Gustavo Espinoza M. *

Vero Volante anversoUma vez mais entra em debate o tema geracional. Alguns entusiastas, deslumbrados com a imagem brilhante de Verónica Mendoza, a candidata presidencial da denominada “Frente Ampla”, voltaram a proclamar o surgimento de uma “nova e moderna esquerda”, diferente – e distante – dessa “velha esquerda” que consideram “fracassada e obsoleta”.

Na abordagem desta questão em algum momento me permiti recordar um comentário de Mariátegui referente à célebre frase de Manuel González Prada –“Os jovens à ação, os velhos ao túmulo”-  Naquele momento, citei de memória, de modo que não estava exata. Felizmente, e com paciência, encontrei a referência correta que me parece oportuno evocar.

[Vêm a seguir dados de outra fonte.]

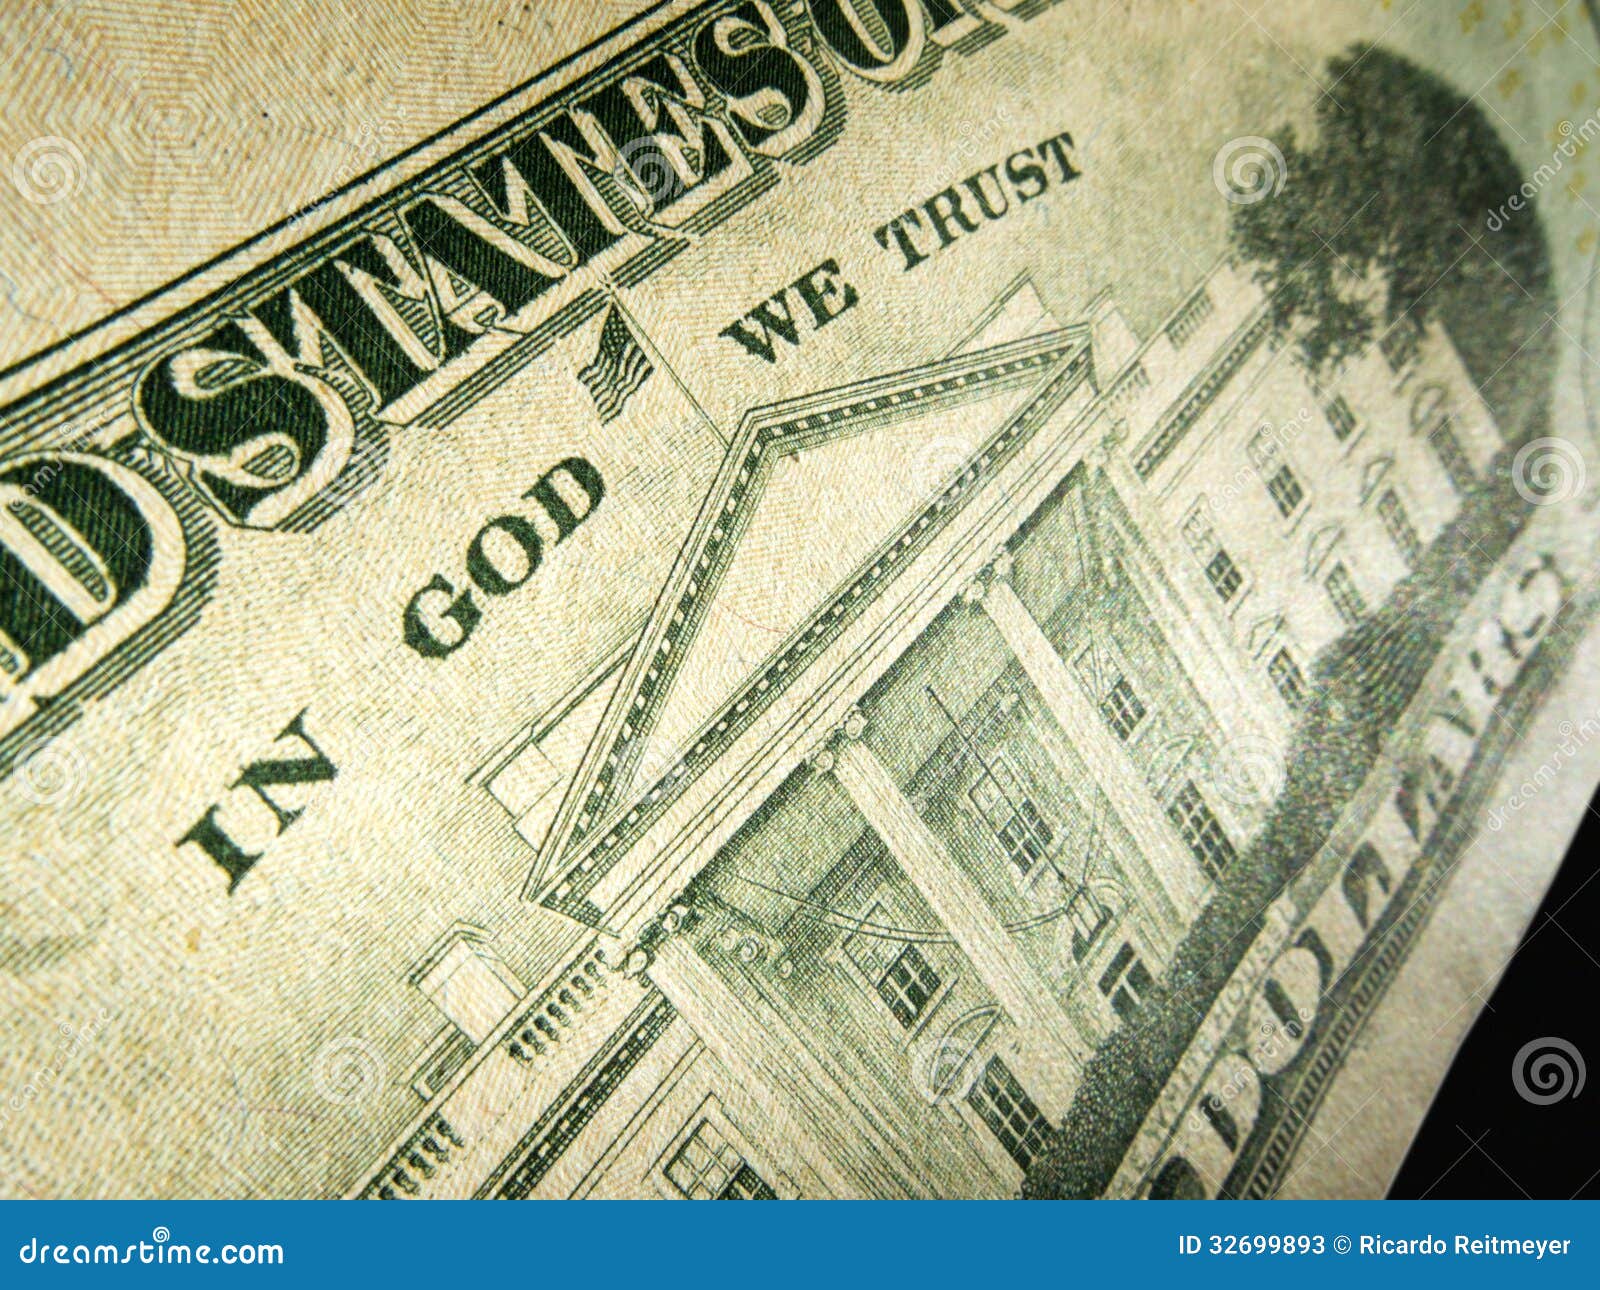 Dollars out on top on god. Доллар Бог. Изображение доллара. Надпись на долларе in God we Trust. Американская валюта надпись in God we Trust.

Foi Armando Bazán, em seu ensaio biográfico intitulado “Mariátegui e seu tempo”, editado pela Biblioteca Amauta em 1970, na página 81, que atribuiu a José Carlos o comentário preciso: “Os velhos ao túmulo; os jovens à ação … Está muito bem. Mas, de que velhos e de que jovens se trata? Porque vi marchar os jovens fascistas romanos ao compasso da Giovanezza o hino oficial do fascismo italiano. Há muitos jovens que têm os sinais da decrepitude na testa. E o velho Jean Jaurés era o espírito mais jovem da França…”   
Era um modo muito gráfico de mostrar que, para ele, a linha que divide as sociedades não é horizontal, e sim vertical. Não corta a torta da vida pela metade proclamando “jovens” os que têm menos de 40 anos e “velhos” os que têm mais do que isso. Admite que há jovens precocemente envelhecidos – poderíamos dizer, como aqueles que hoje olham com deleite Keiko Fujimori ou García – e velhos que simbolizam, com palavras e ações, a mensagem da juventude do mundo.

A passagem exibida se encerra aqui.